34528-9-tailfile-flowfile-contents.png

(Note: Both the "Generate Warnings & Errors" process group and TailFile processors can be stopped at this point since the sample data needed to demonstrate the flow has been generated.)

Add Schema Name Attribute (UpdateAttribute Processor)

The next step in the flow is an UpdateAttribute processor which adds the schema.name attribute with the value of "nifi-logs" to the flowfile:

34529-10-updateattribute-nifilogs-schema.png

Start the processor, and view the attributes of one of the flowfiles to confirm this:

34530-11-flowfile-schema-name-attribute.png

PartitionRecord Processor

The next processor, PartitionRecord, separates the incoming flowfiles into groups of ‘like’ records by evaluating a user-supplied records path against each record. Looking at the configuration:

34531-12-partitionrecord-properties.png

Record Reader is set to "GrokReader" and Record Writer is set to "JsonRecordSetWriter". The "GrokReader" controller service parses the log data in Grok format and determines the data's schema. The "JsonRecordSetWriter" controller service determines the data's schema and writes that data into JSON. More details about these controller services can be found below.
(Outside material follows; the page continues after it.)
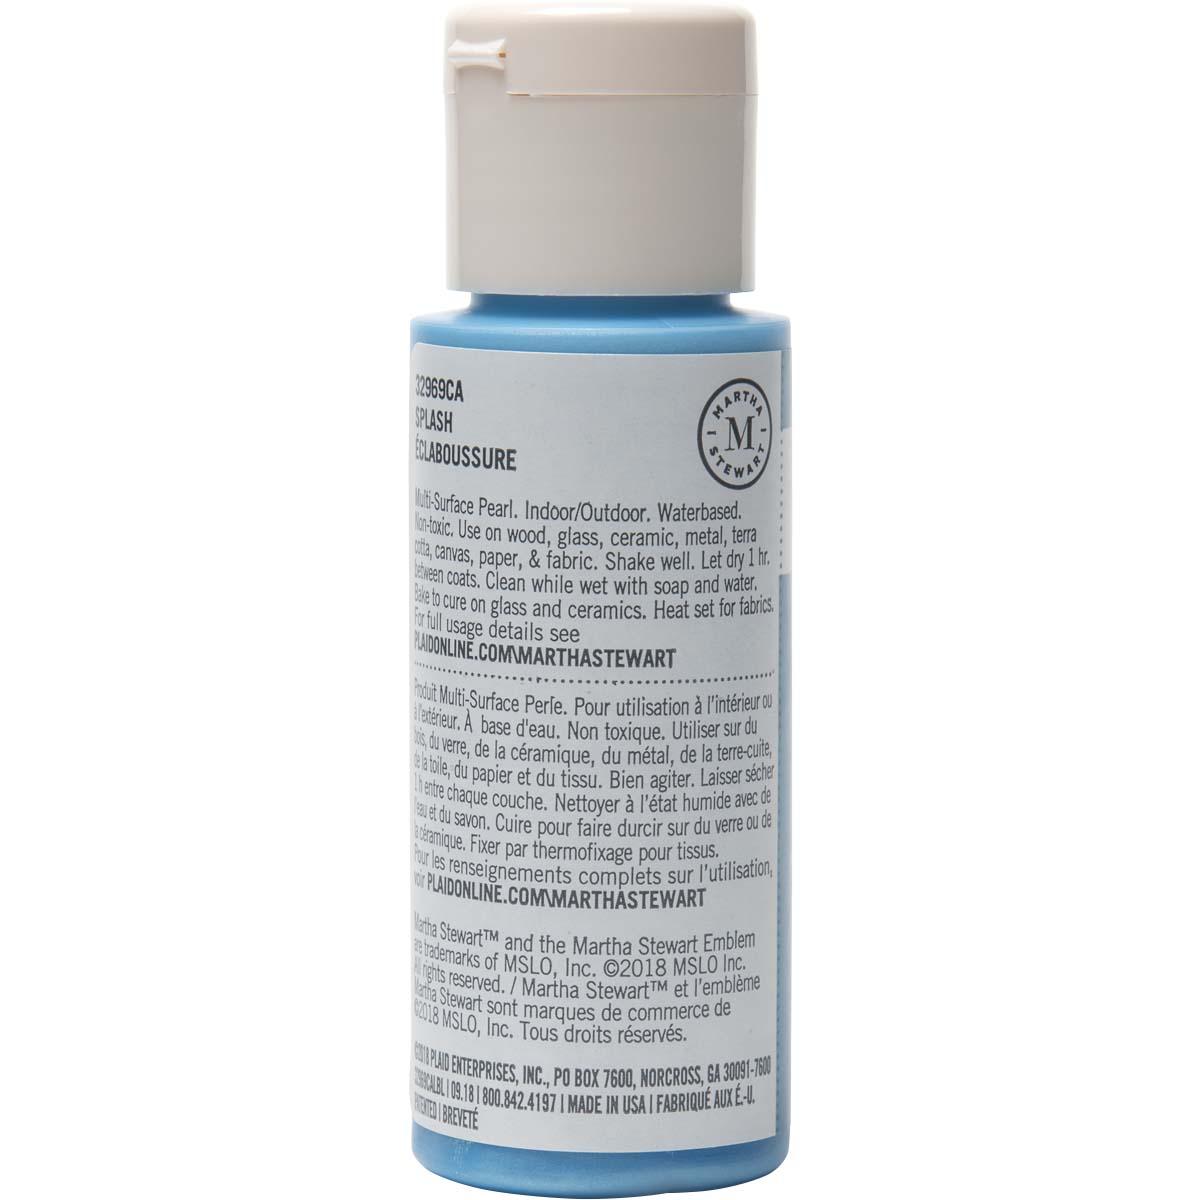 Martha Stewart ® Multi-Surface Pearl Acrylic Craft Paint - Splash, 2 oz. - 32969CA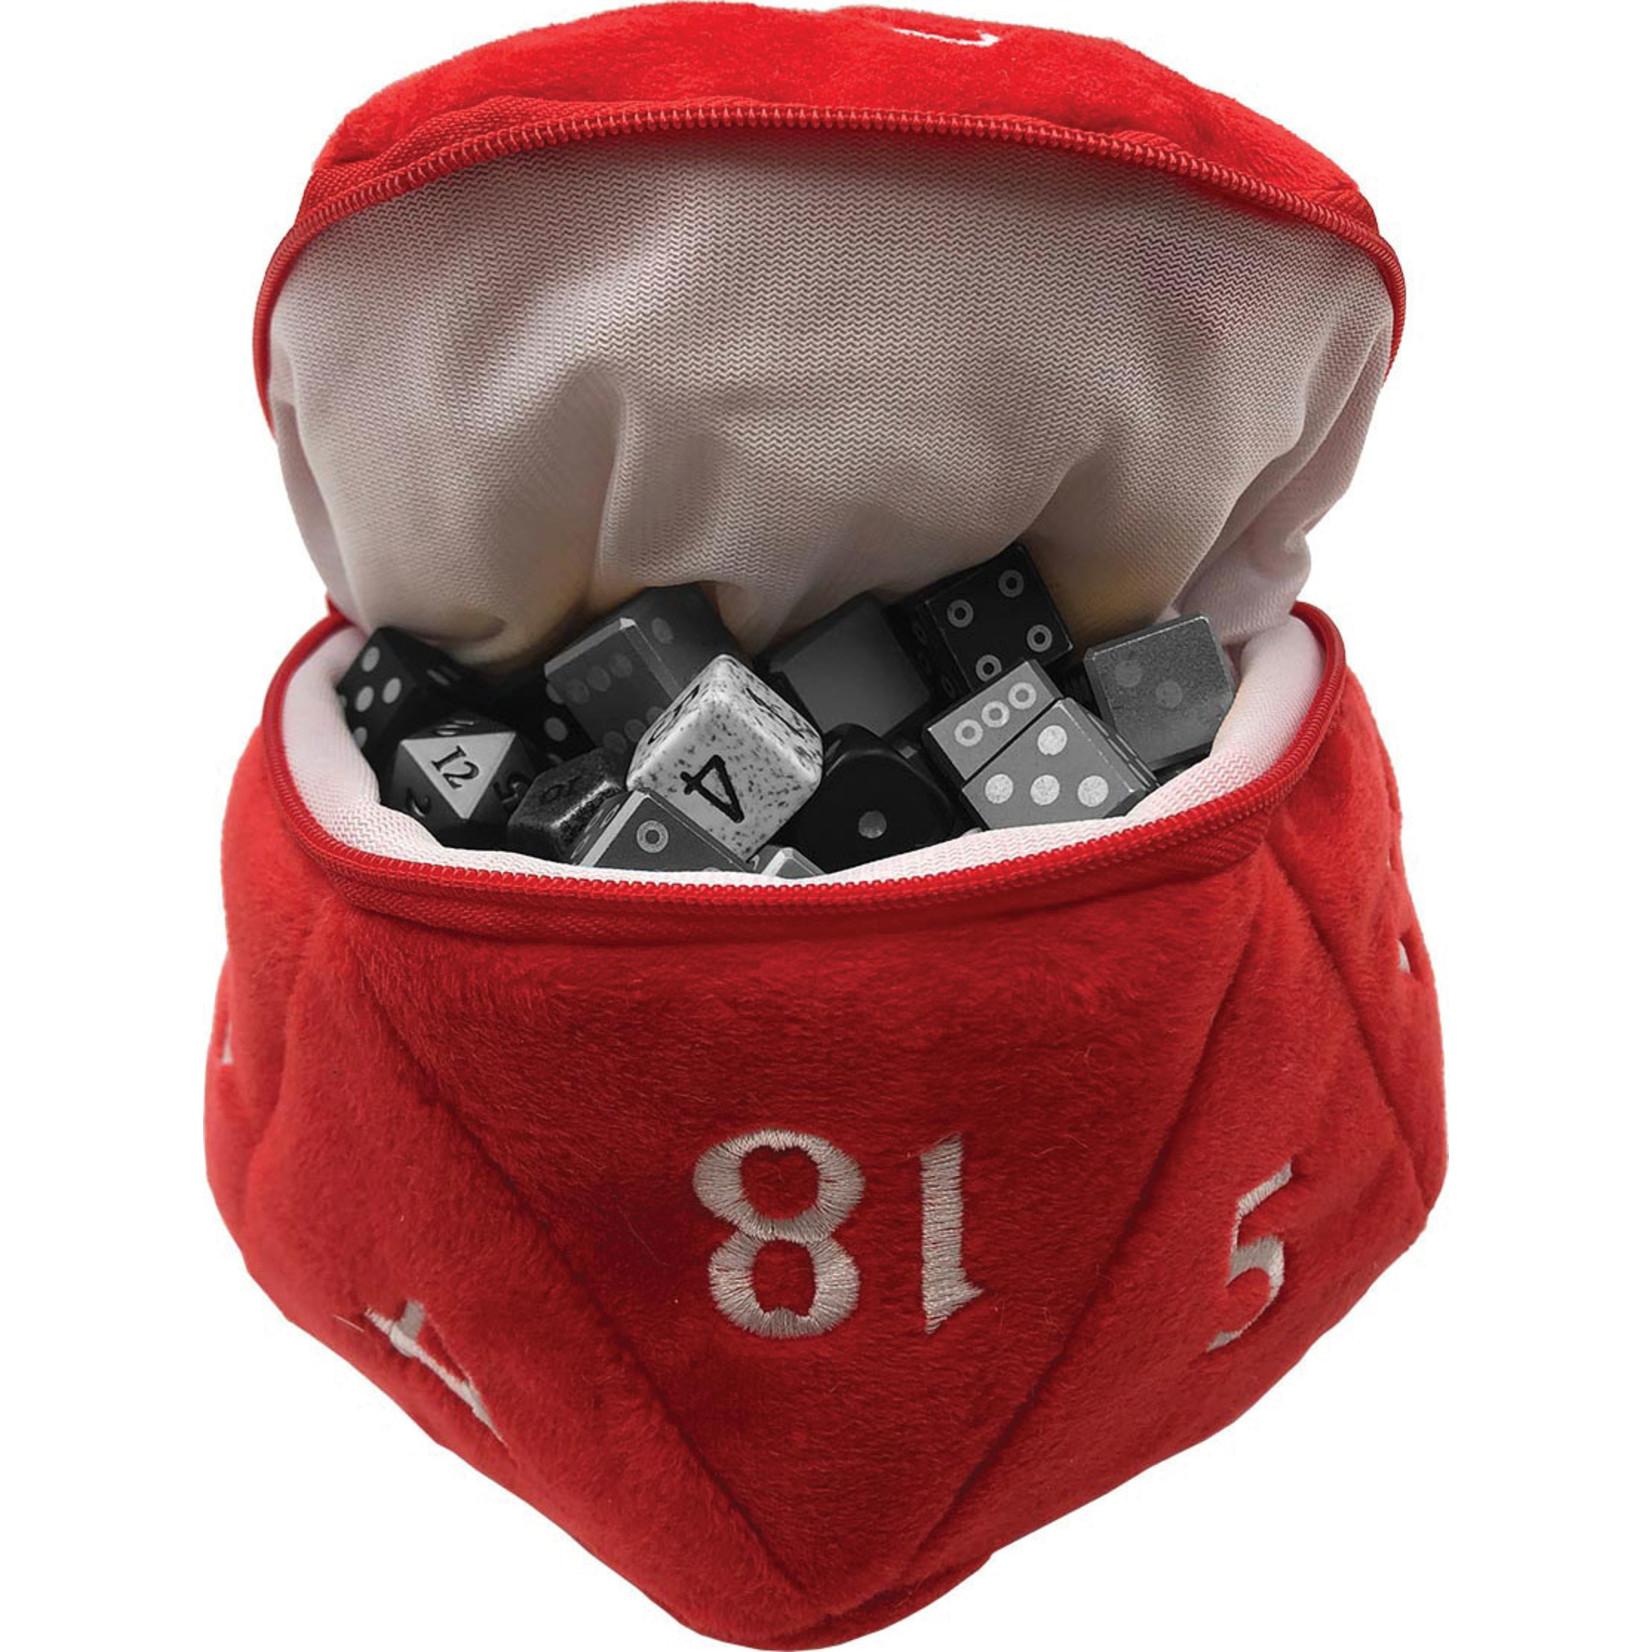 D20 Plush Dice Bag - Red

A custom record path property, log_level, is used to divide the records into groups based on the field ‘level’.

GrokReader Controller Service

Select the arrow icon next to the "GrokReader" which opens the Controller Services list in the NiFi Flow Configuration. "GrokReader" should be highlighted in the list. Select the View Details button ("i" icon) to see the properties:

34532-13-grokreader-properties.png

With Schema Access Strategy property set to "Use 'Schema Name' Property", the reader specifies the schema expected in an attribute, which in this example is schema.name. The Schema Registry property is set to the AvroSchemaRegistry Controller Service. Grok Expression specifies the format of the log line in Grok format, specifically:

%{TIMESTAMP_ISO8601:timestamp} %{LOGLEVEL:level} \[%{DATA:thread}\] %{DATA:class} %{GREEDYDATA:message}

AvroSchemaRegistry Controller Service

The AvroSchemaRegistry defines the "nifi-logs" schema. Select the arrow icon next to "AvroSchemaRegistry" and select the View Details button ("i" icon) to see its properties:

34533-14-avroschemaregistry-properties.png

The schema is defined as: 
{
"type": "record",
"name": "nifi_logs",
"fields": [
   { "name": "timestamp", "type": "string" },
   { "name": "level", "type": "string" },
   { "name": "thread", "type": "string" },
   { "name": "class", "type": "string" },
   { "name": "message", "type": "string" },
   { "name": "stackTrace", "type": "string" }
  ]
}

JsonRecordSetWriter Controller Service

Close the window for the AvroSchemaRegistry. Select the View Details button ("i" icon) next to the "JsonRecordSetWriter" controller service to see its properties:

34534-15-jsonrecordsetwriter-properties.png

Schema Write Strategy is set to "Set 'schema.name' Attribute", Schema Access Strategy property is set to "Use 'Schema Name' Property" and Schema Registry is set to AvroSchemaRegistry.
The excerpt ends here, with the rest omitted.